The Internet Protocol Suite is the defining set of protocols for the Internet. Although many computers communicate via the Internet, it is actually a network of networks

🔸🔹 IEEE 802 : IEEE 802 is a family of IEEE standards dealing with local area networks and metropolitan area networks. The complete IEEE 802 protocol suite provides a diverse set of networking capabilities. The protocols have a flat addressing scheme. They operate mostly at levels 1 and 2 of the OSI model.

For example, MAC bridging (IEEE 802.1D) deals with the routing of Ethernet packets using a Spanning Tree Protocol. IEEE 802.1Q describes VLANs, and IEEE 802.1X defines a port-based Network Access Control protocol, which forms the basis for the authentication mechanisms used in VLANs (but it is also found in WLANs) – it is what the home user sees when the user has to enter a "wireless access key".

🔸🔹 Wireless LAN : Wireless LAN, also widely known as WLAN or WiFi, is probably the most well-known member of the IEEE 802 protocol family for home users today. It is standardized by IEEE 802.11 and shares many properties with wired Ethernet.

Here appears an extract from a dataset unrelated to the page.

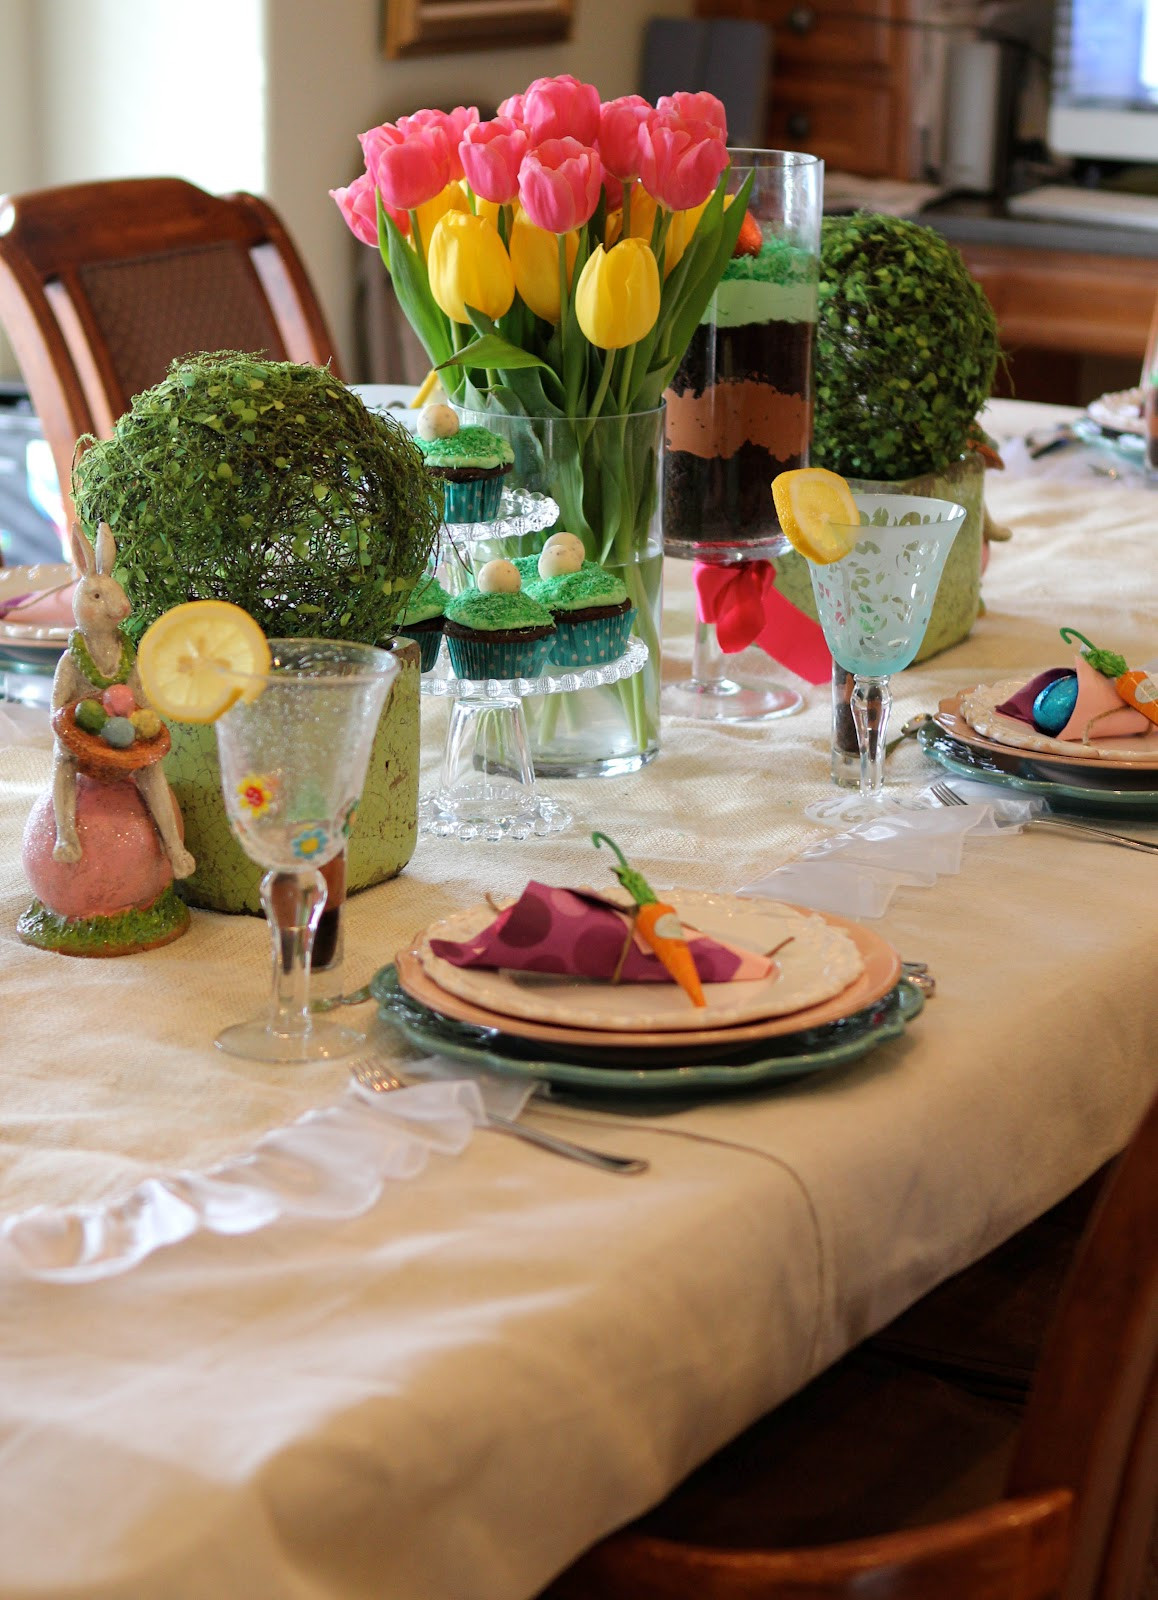 Easter Dinner For One  A Little Cuppa Tea Easter Dinner

🔸🔹SONET/SDH : Synchronous optical networking (SONET) and Synchronous Digital Hierarchy (SDH) are standardized multiplexing protocols that transfer multiple digital bit streams over optical fiber using lasers. They were originally designed to transport circuit mode communications from a variety of different sources, primarily to support real-time, uncompressed, circuit-switched voice encoded in PCM (Pulse-Code Modulation) format. However, due to its protocol neutrality and transport-oriented features, SONET/SDH also was the obvious choice for transporting Asynchronous Transfer Mode (ATM) frames.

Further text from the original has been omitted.